What to do: A verbatim copy of the listing is needed; pictures are to be left out.

Given material:
* * * * * * * * *
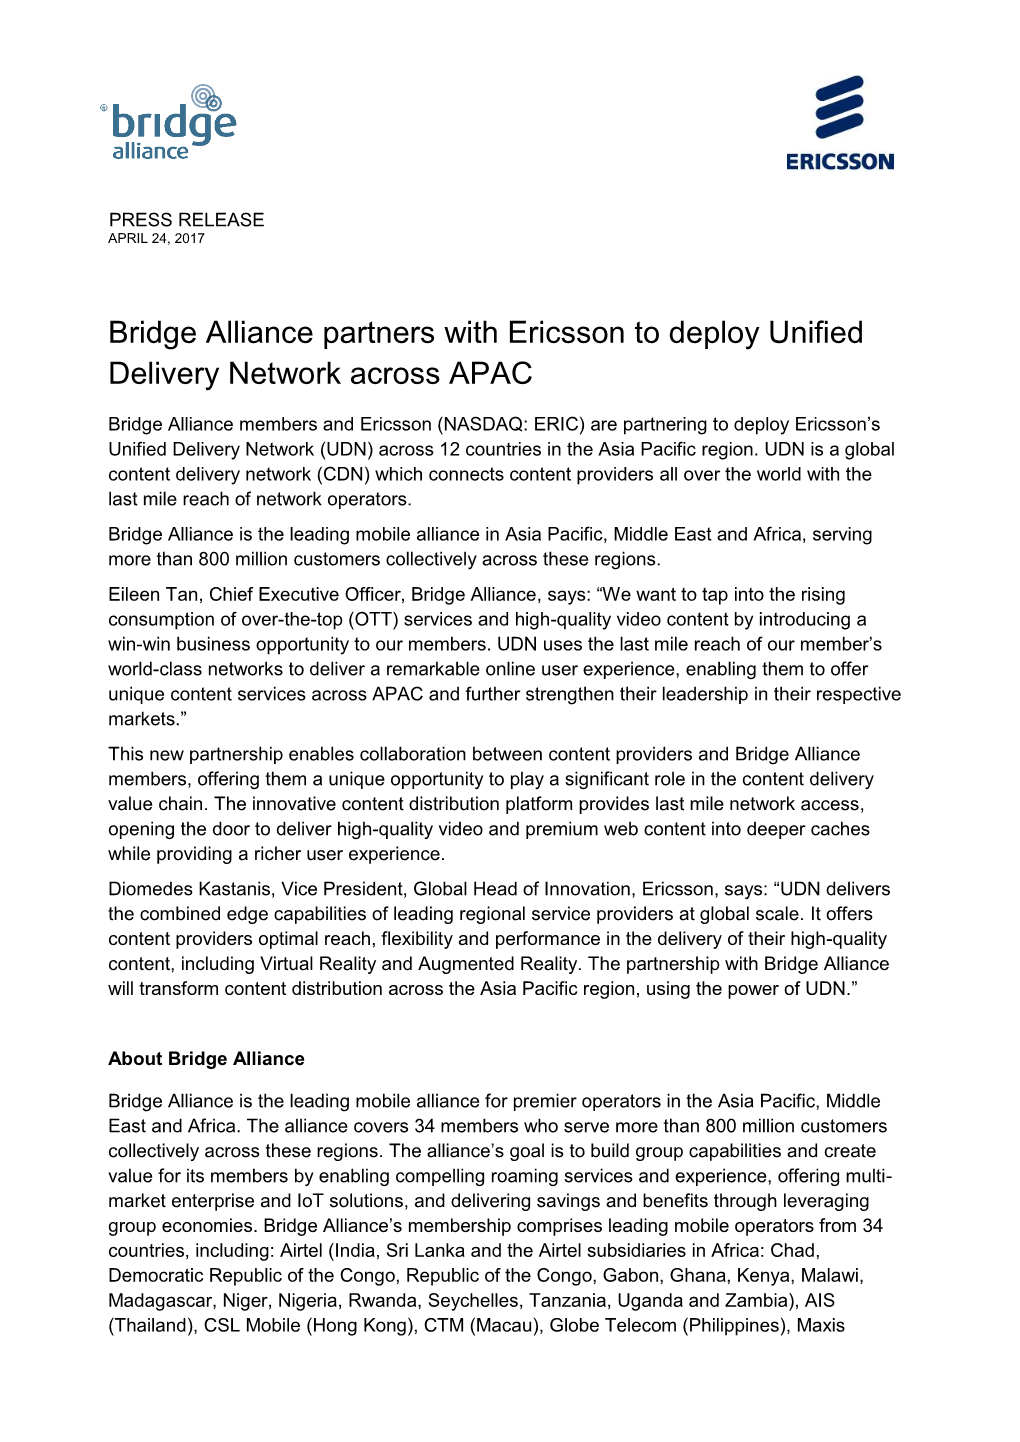 Bridge Alliance Partners with Ericsson to Deploy Unified Delivery Network Across APAC
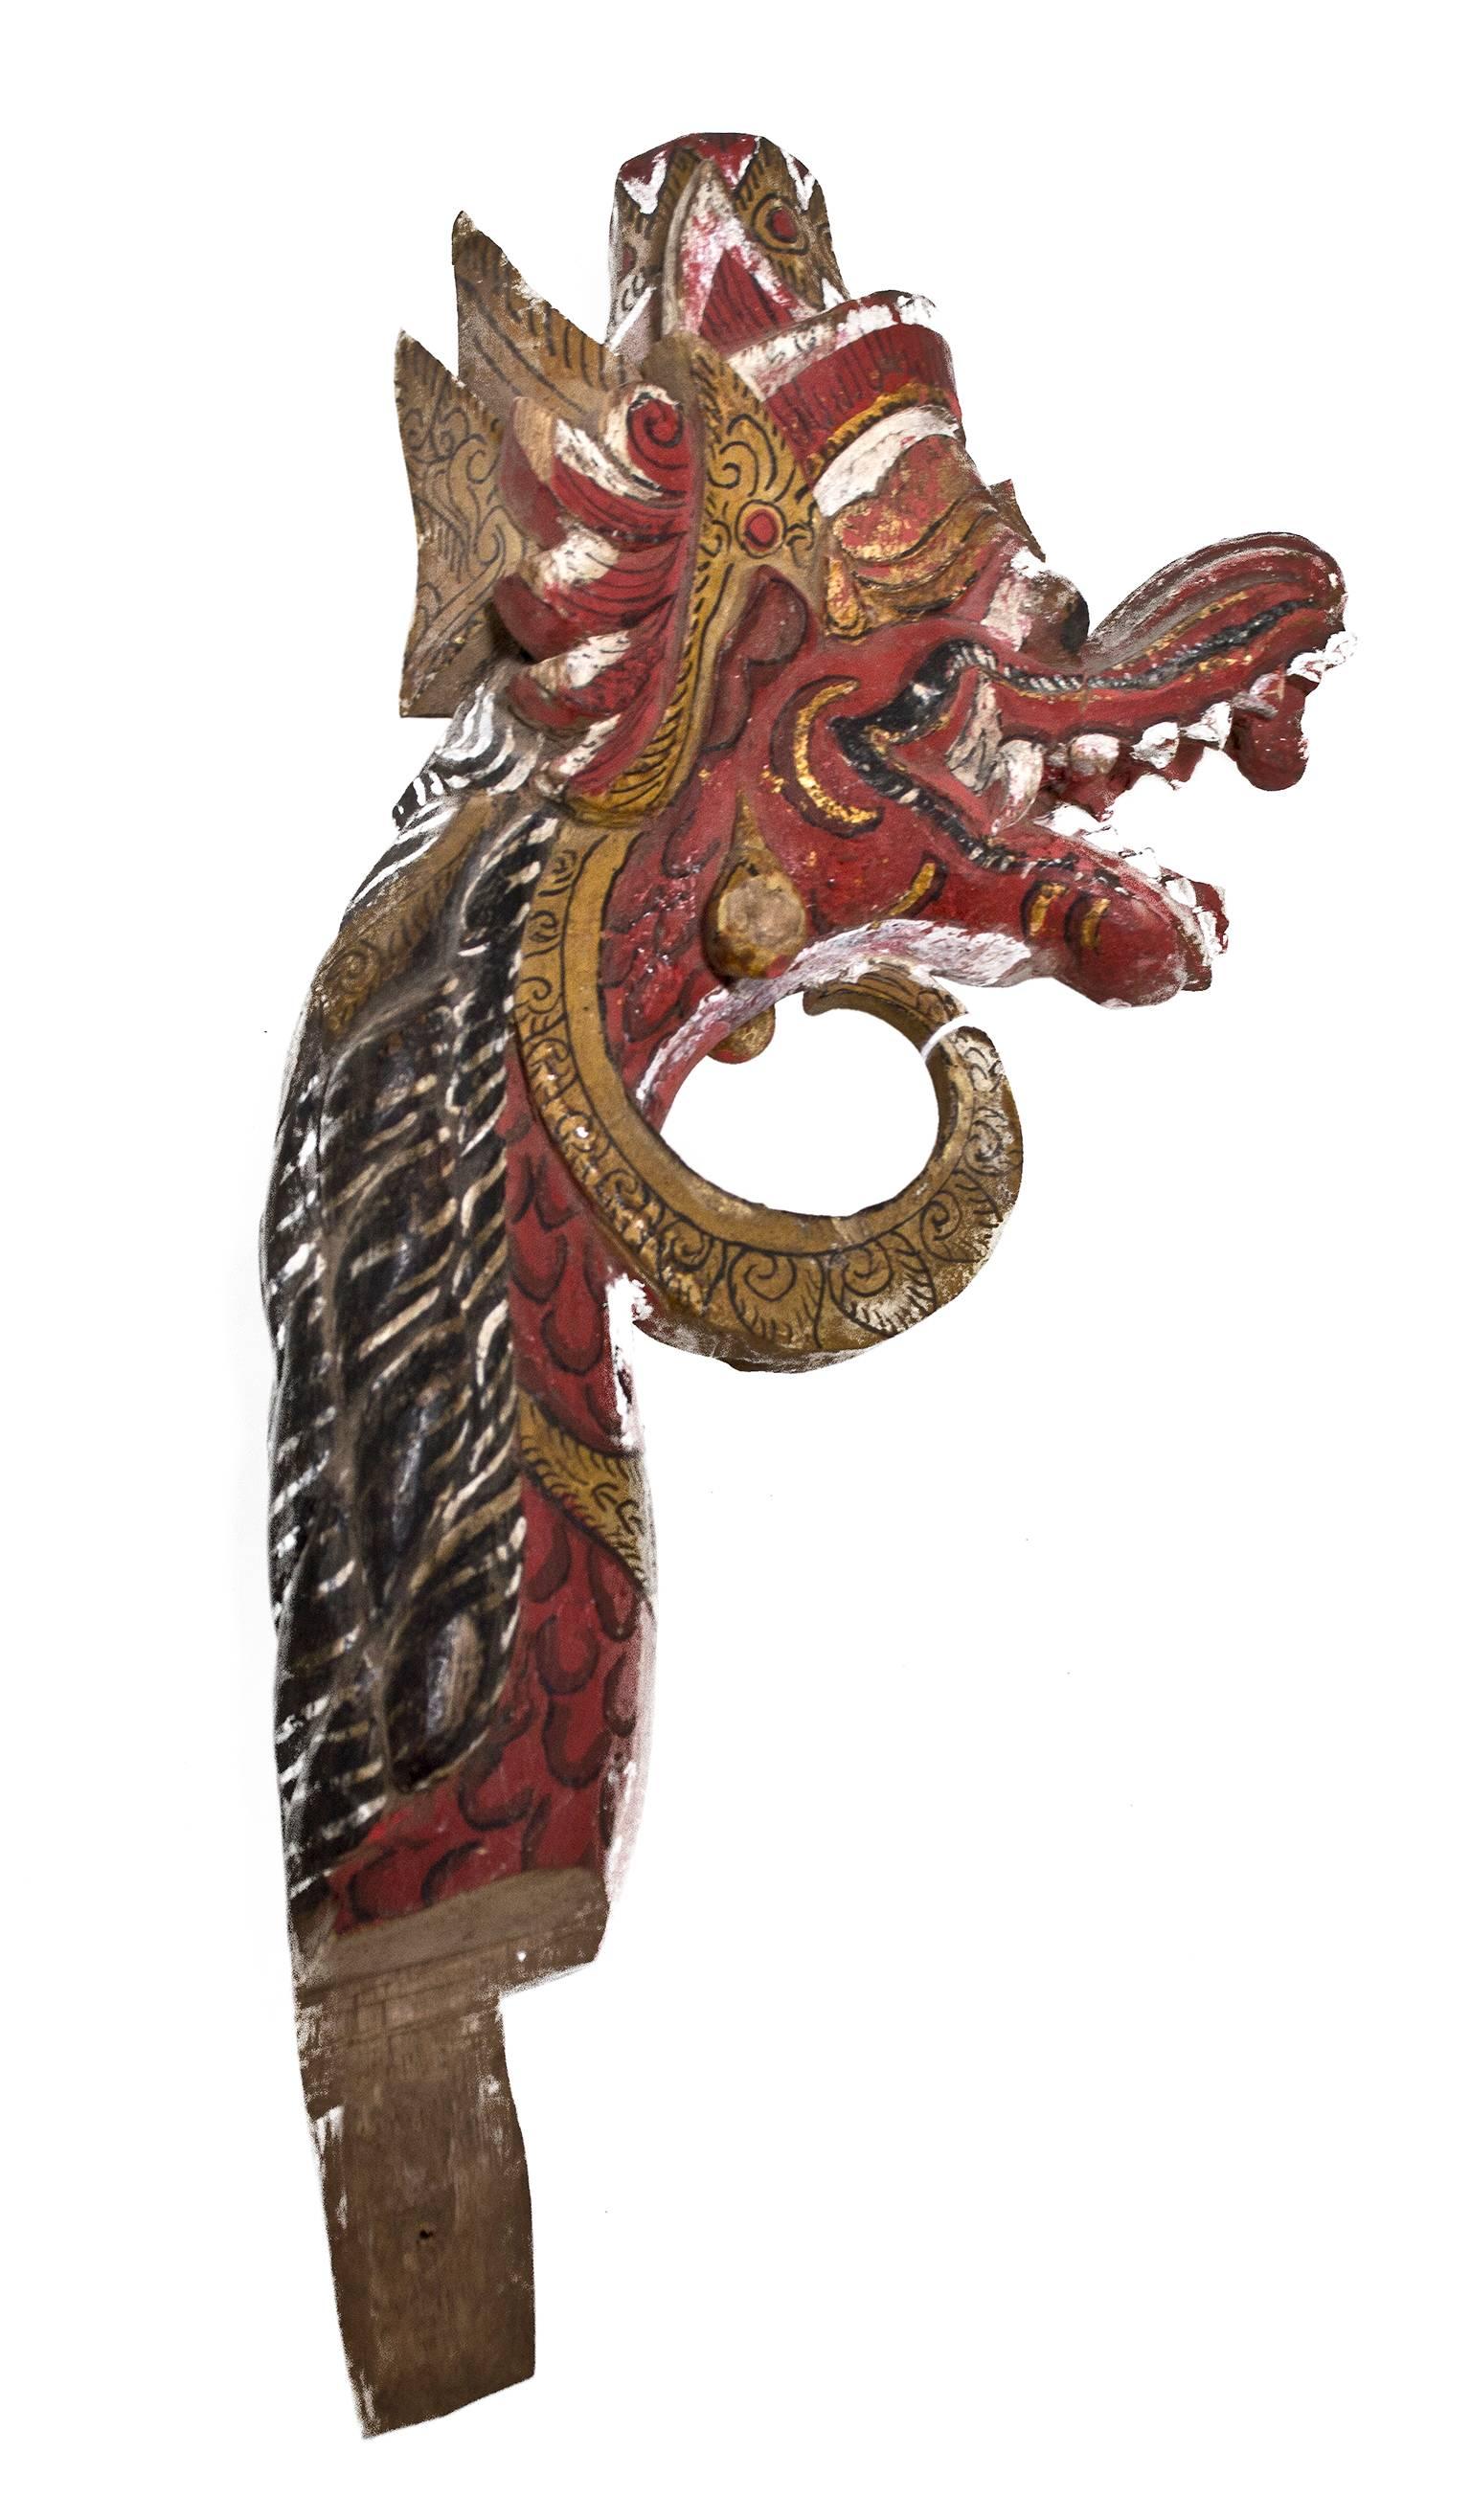 This Garuda finial was created by an unknown Indonesian artist out of wood. A finial or hip-knob is an element marking the top or end of some object, often formed to be a decorative feature. The sculpture is 10 1/2
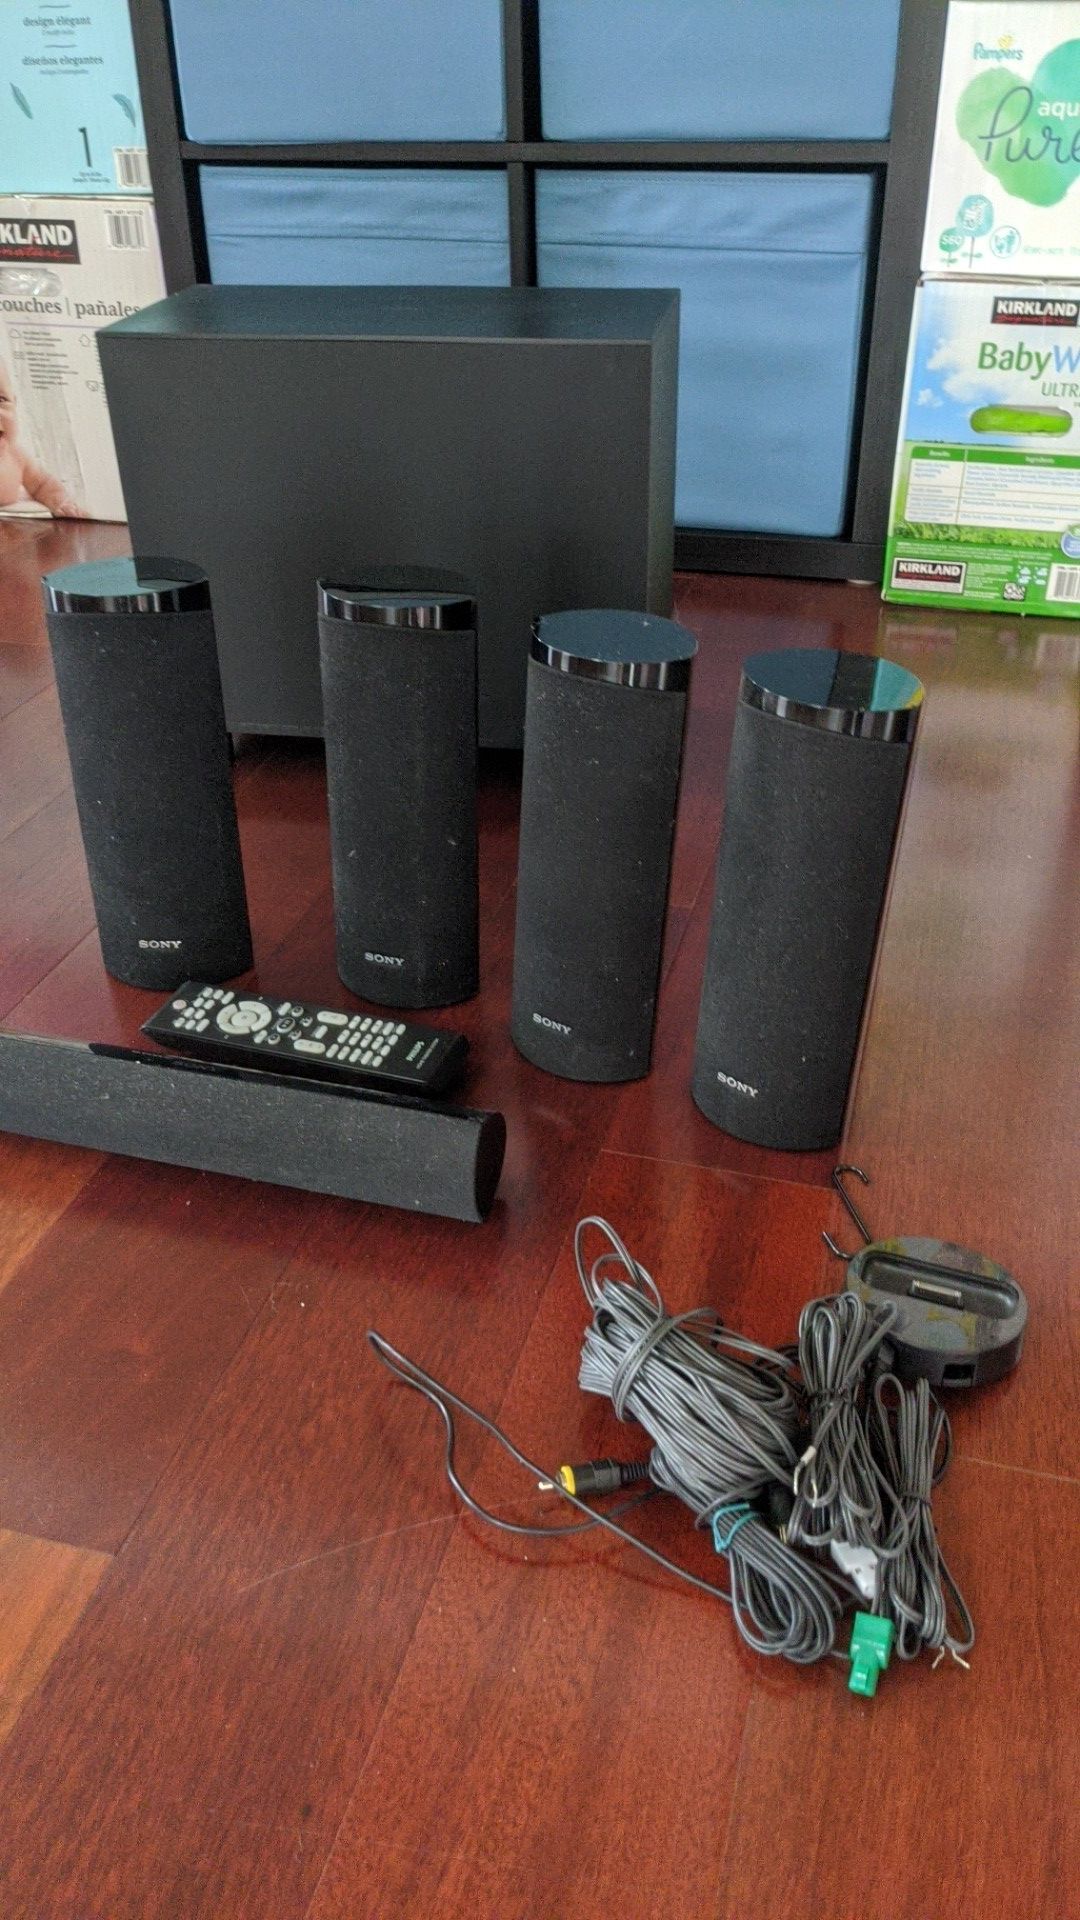 Sony 6 speaker home theater system with Blu-ray player
* * * * * * * * *
Completed task:
 Bridge Alliance Partners with Ericsson to Deploy Unified Delivery Network Across APAC
 This Garuda finial was created by an unknown Indonesian artist out of wood. A finial or hip-knob is an element marking the top or end of some object, often formed to be a decorative feature. The sculpture is 10 1/2
 Sony 6 speaker home theater system with Blu-ray player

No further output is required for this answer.